On North Korea: "Its people are economically poor, but overflowing with love of country, like us Vietnamese in the 1960s and '70s. They're on a war footing. They launch rockets ... and get respect. Whatever the North Koreans say, they do. They're also determined to become a nuclear nation. They cause the big countries to lose sleep worrying about their rockets. That's something we need to study."
On China: (At this point, Thanh launched into a 20-minute digression on Vietnam's long history of cultural borrowing from China whilst fighting off invading armies every 200 years or so. Eventually he got to China's economic take-off under former leader Deng Xiaoping and "Deng's burning desire", mastery of the South China Sea.)
Defensive considerations and the lure of vast supplies of oil and gas not far from home are driving China's policy, Thanh said. That's made China the principal threat to Vietnam's claims to its offshore waters and islands. But not, Thanh emphasized, the only threat.
Segueing into a discussion of South China Sea issues, Thanh pounded away at the notion that war with China is unthinkable, without ever quite saying so. There are 1.3 billion of them, and only 90 million of us, he noted. Thus, for Vietnam, China must be a special case. "We must never forget that they've invaded us over and over, yet we also must always remember that China made great sacrifices to supply us in our wars against France and the US. We must not seem ungrateful for that."
Thanh heaped scorn on the notion that Vietnam could rely on American support. "They never have and never will treat us well. If they're nice here, if they praise us there, support us in the South China Sea, it's because they're trying to use a small fish to catch a big one."

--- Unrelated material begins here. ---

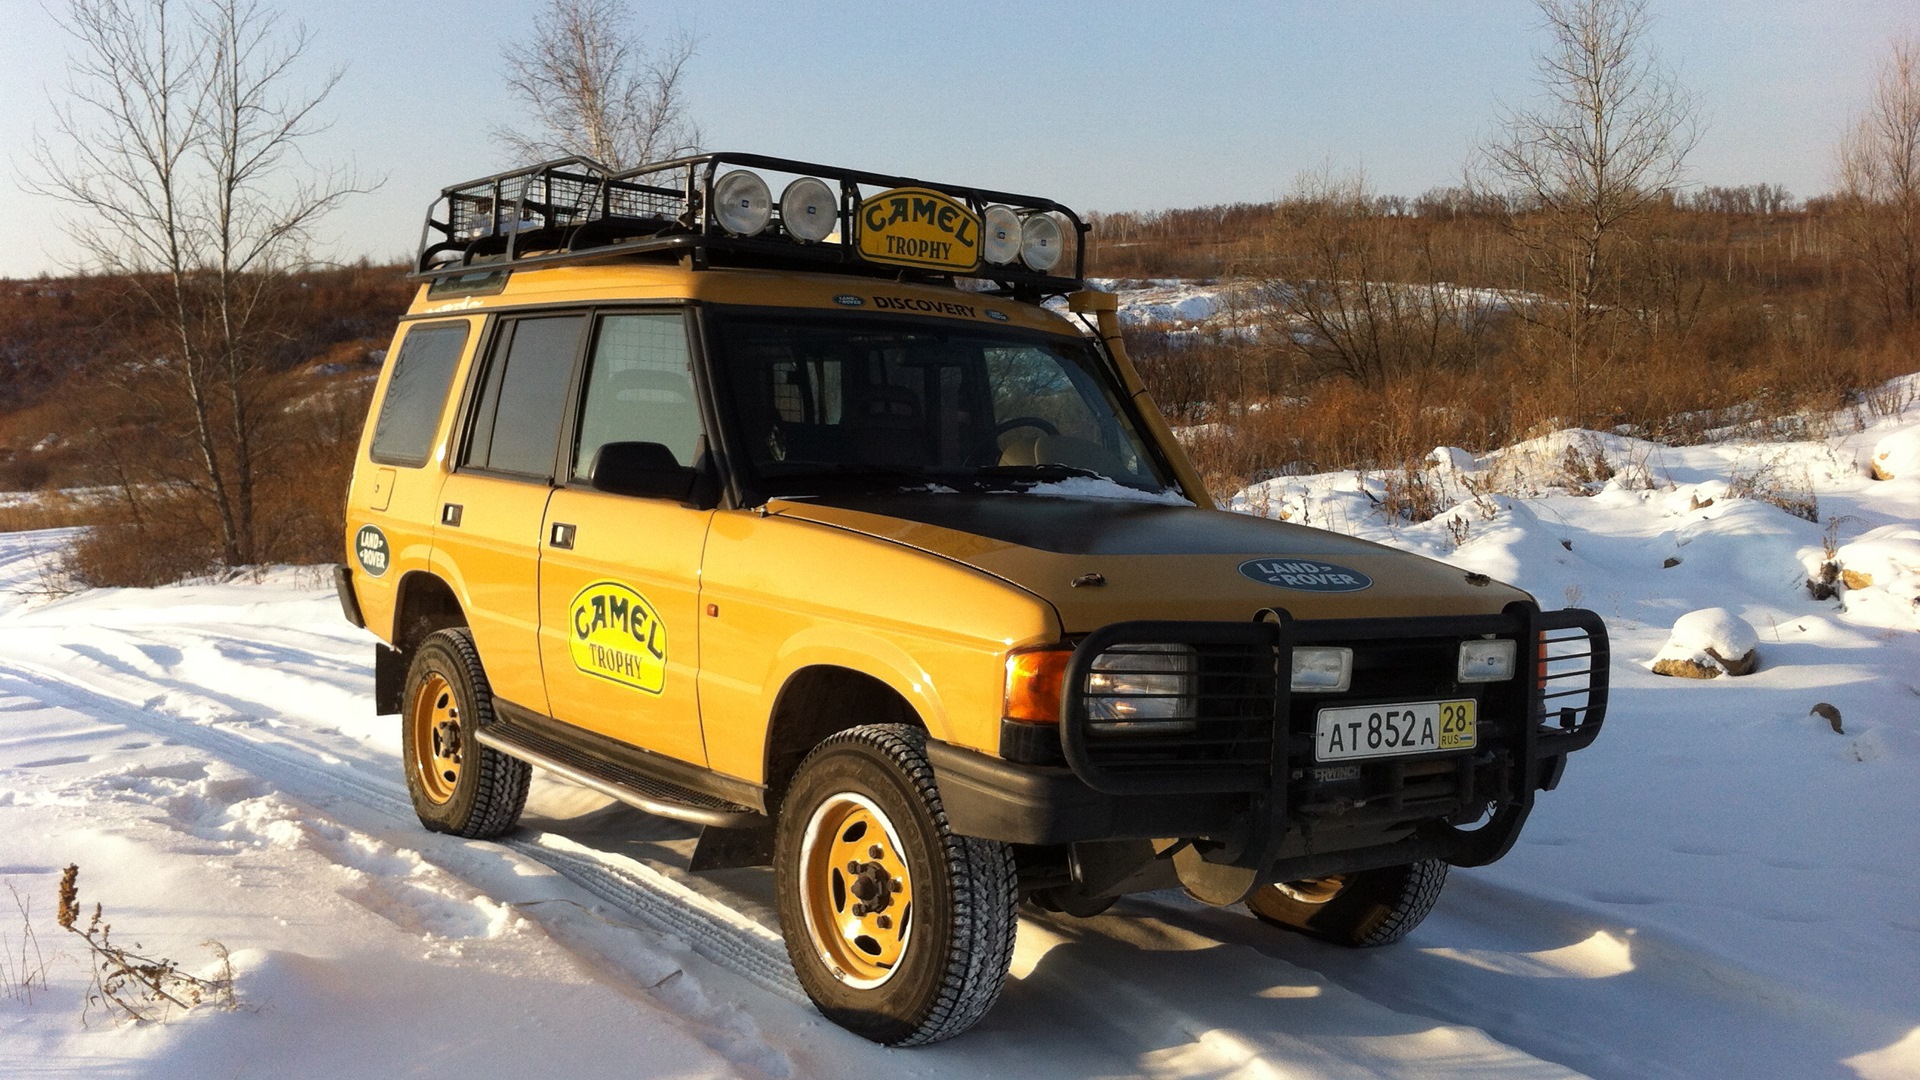 Land Rover Discovery 2 Camel Trophy. Дискавери 2 кэмел трофи. Land Rover Discovery Camel Trophy 2022. Land Rover Discovery Camel Trophy.

The first principal of Vietnam's strategy therefore must be to safeguard its independence and self-determination, Thanh asserted, stealing an oft-repeated line from independence hero Ho Chi Minh. But it must also give top priority to preserving a peaceful environment, he argued. This was not an easy task, indeed a contradictory one, and the key to accomplishing it is preserving solidarity between the people of Vietnam and the people of China.
Four things must be avoided, Thanh declared: military confrontation, economic confrontation, isolation and dependence on a foreign country.
Getting back the Paracel Islands (from which China evicted South Vietnamese troops in 1974) will be difficult, Thanh acknowledged, but we've got to try, going at it cleverly, avoiding a direct clash. We told the Chinese, he said, that our historical claim to the islands is better than yours. Let's fight it out in the International Court of Justice. If it rules against us, we'll accept that.
Finally, Thanh double-underscored the relevance of his presentation to the assembled dons. Illegal demonstrations against Chinese aggression do not serve Vietnam's interest, he declared. Enemies of Vietnam have been using the South China Sea problem to stir up students. There have been too many demonstrations and they must stop now, he argued.
"It's up to all of you school leaders," Thanh said bluntly. "The Party expects you to manage your kids. If we find that students from your school are taking part in demonstrations, you can be sure there will be a black mark on your record."